EXERCISE AIM
All of the data should be repeated exactly; pictures are not part of the copy.

AVAILABLE DATA
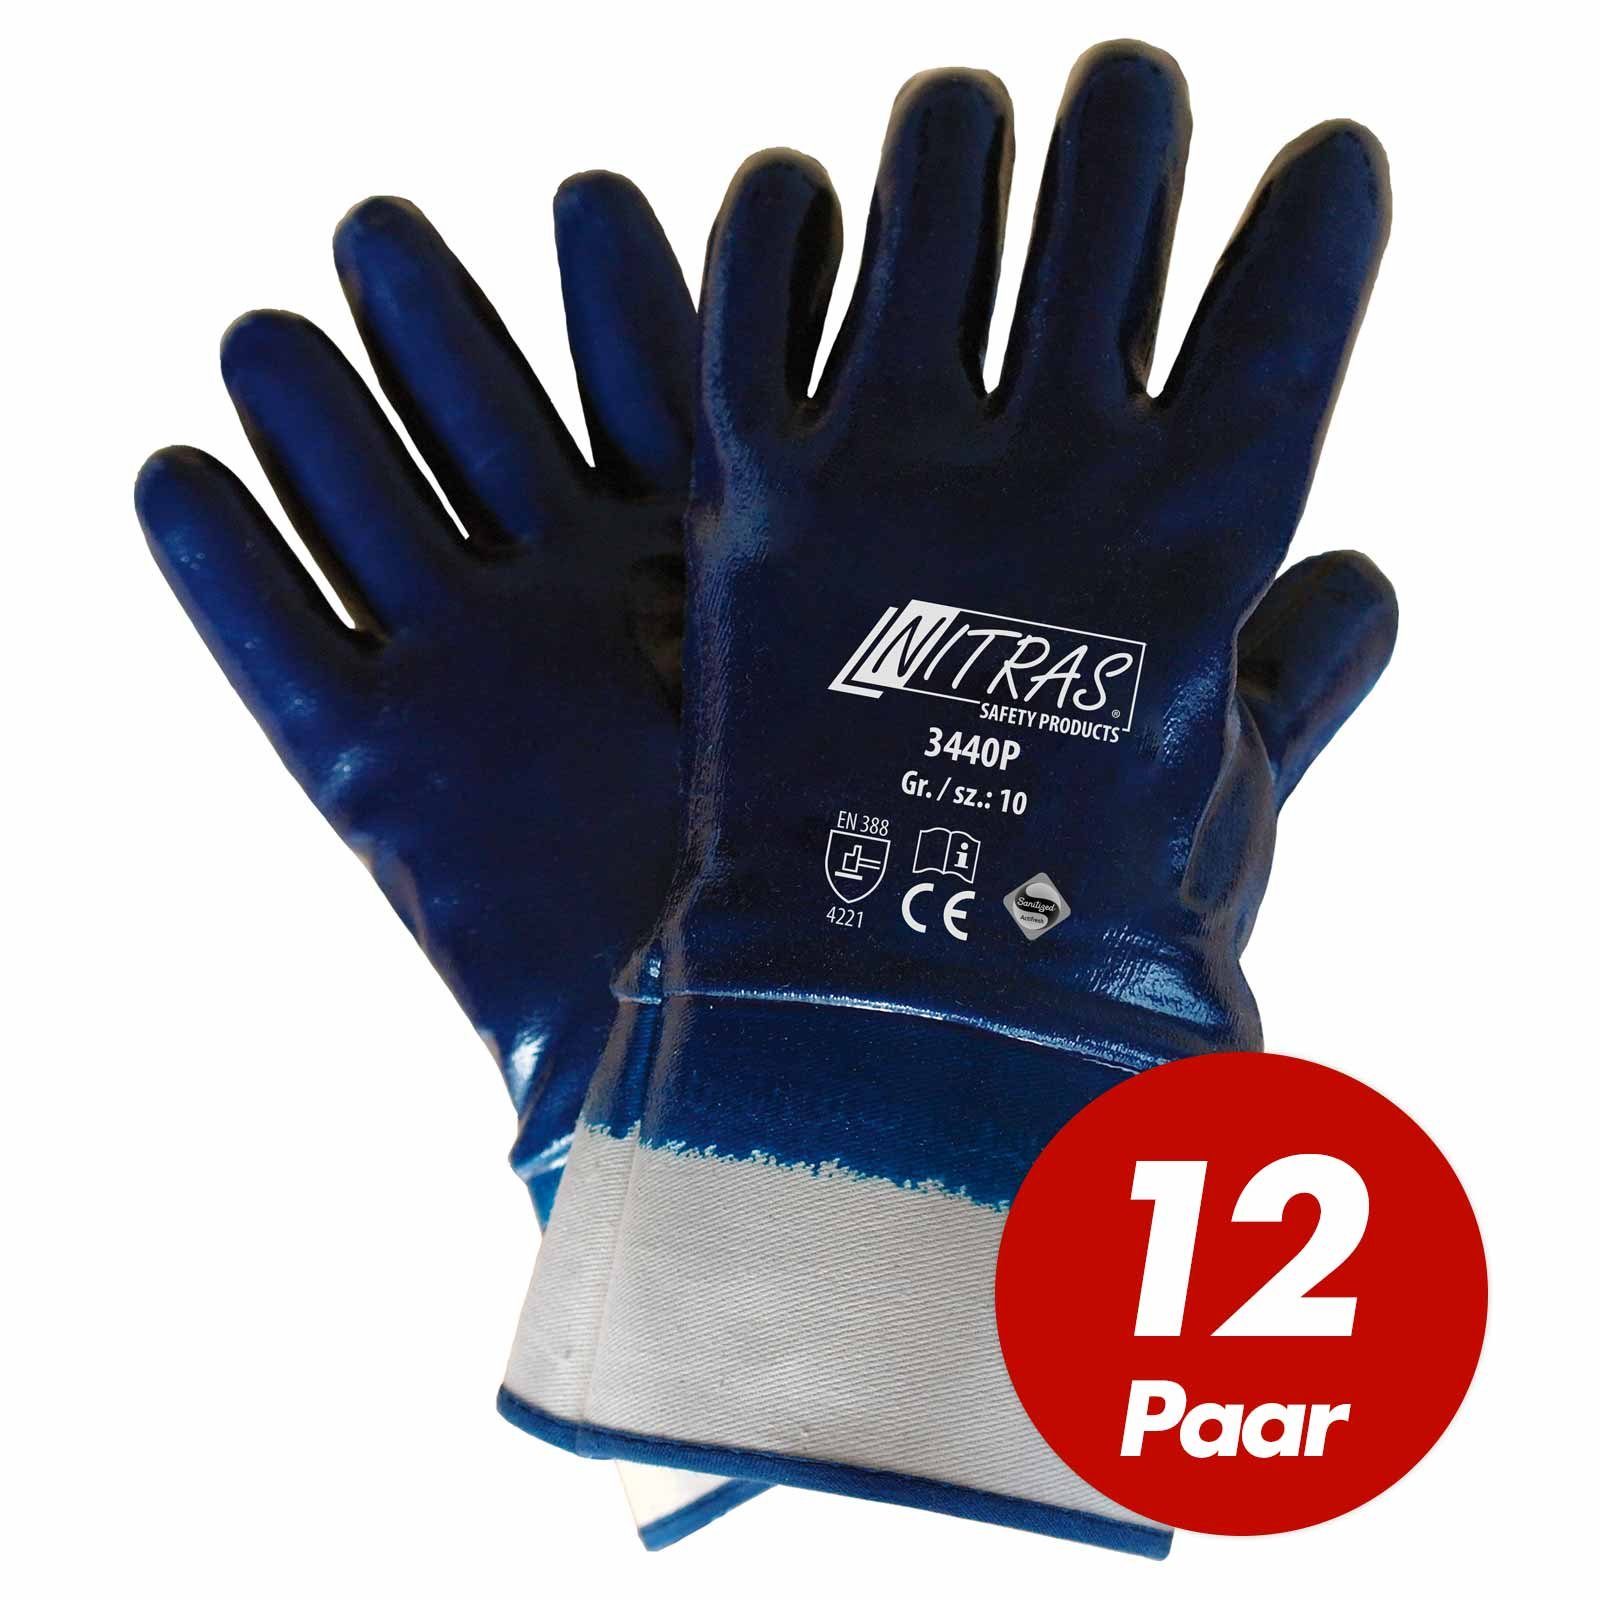 Nitras Nitril-Handschuhe Nitras Nitrilhandschuh Premium 3440P vollbeschichtet - VPE 12 Paar (Spar-Set)
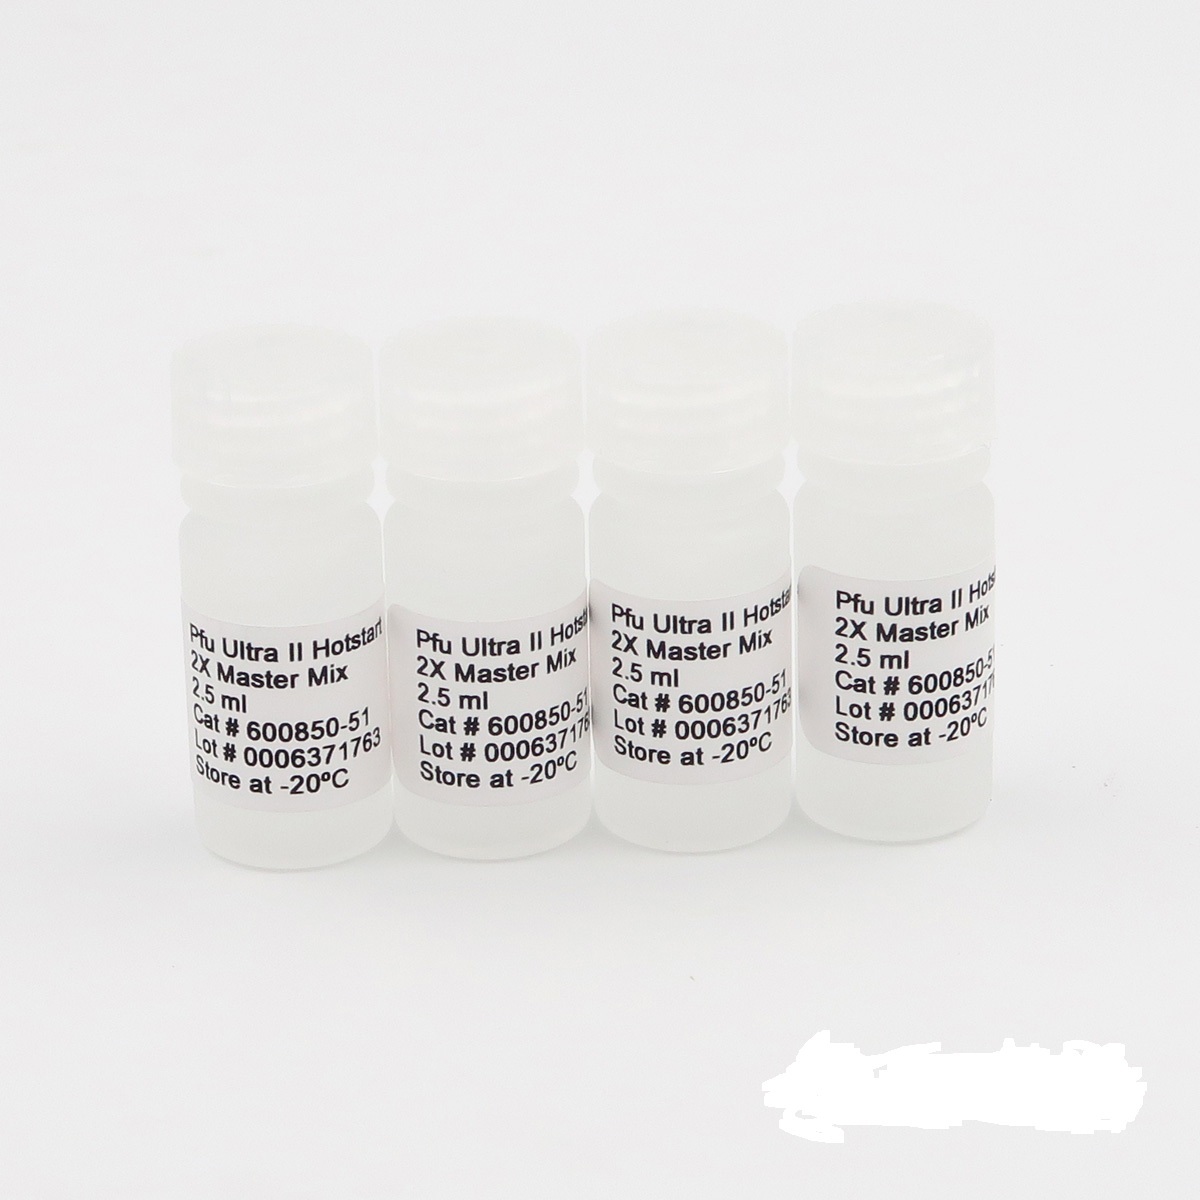 圣保罗沙门氏菌染料法荧光定量PCR试剂盒
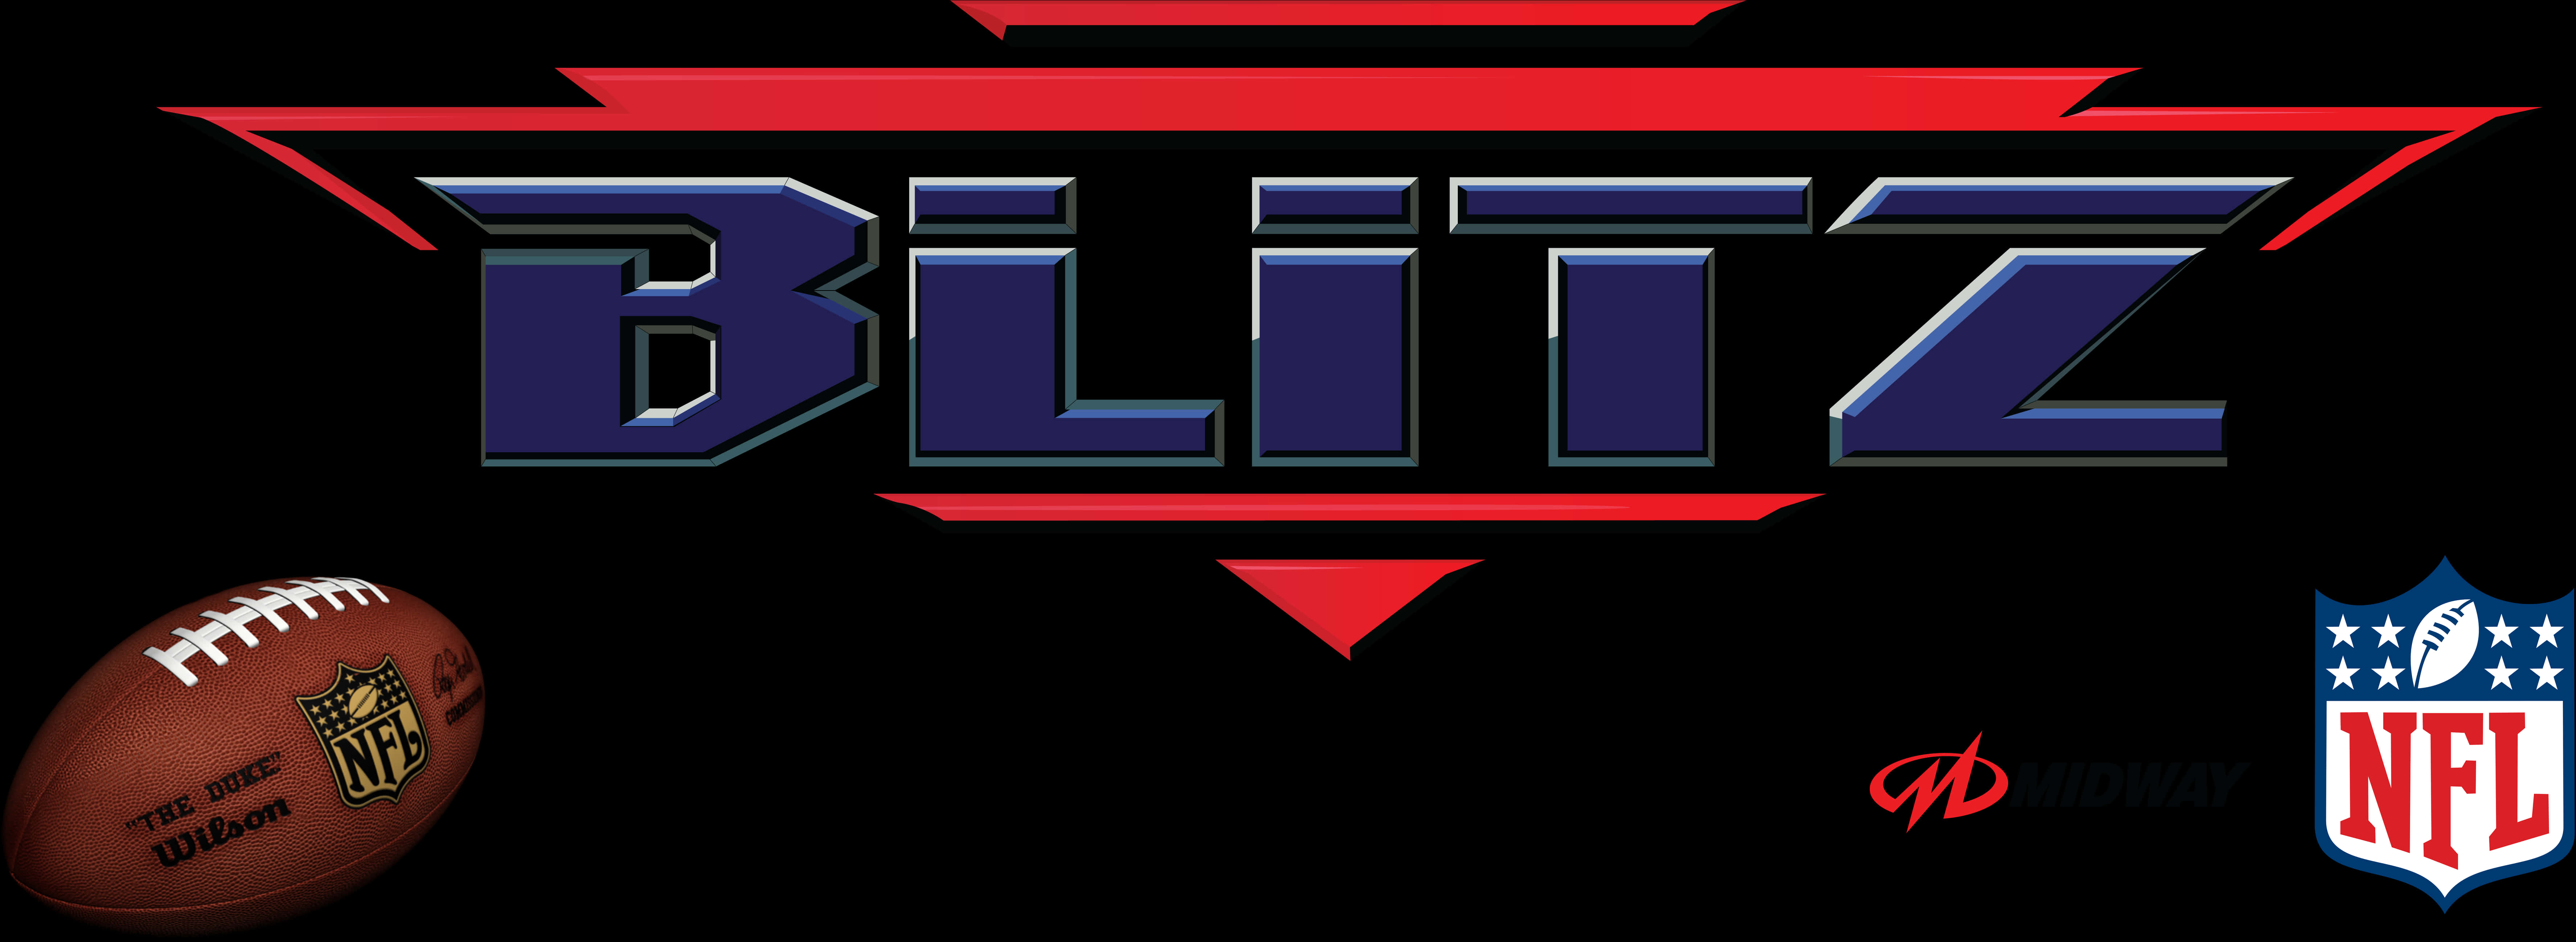 N F L Blitz Logowith Footballand N F L Shield

FINISHED EXERCISE
 Nitras Nitril-Handschuhe Nitras Nitrilhandschuh Premium 3440P vollbeschichtet - VPE 12 Paar (Spar-Set)
 圣保罗沙门氏菌染料法荧光定量PCR试剂盒
 N F L Blitz Logowith Footballand N F L Shield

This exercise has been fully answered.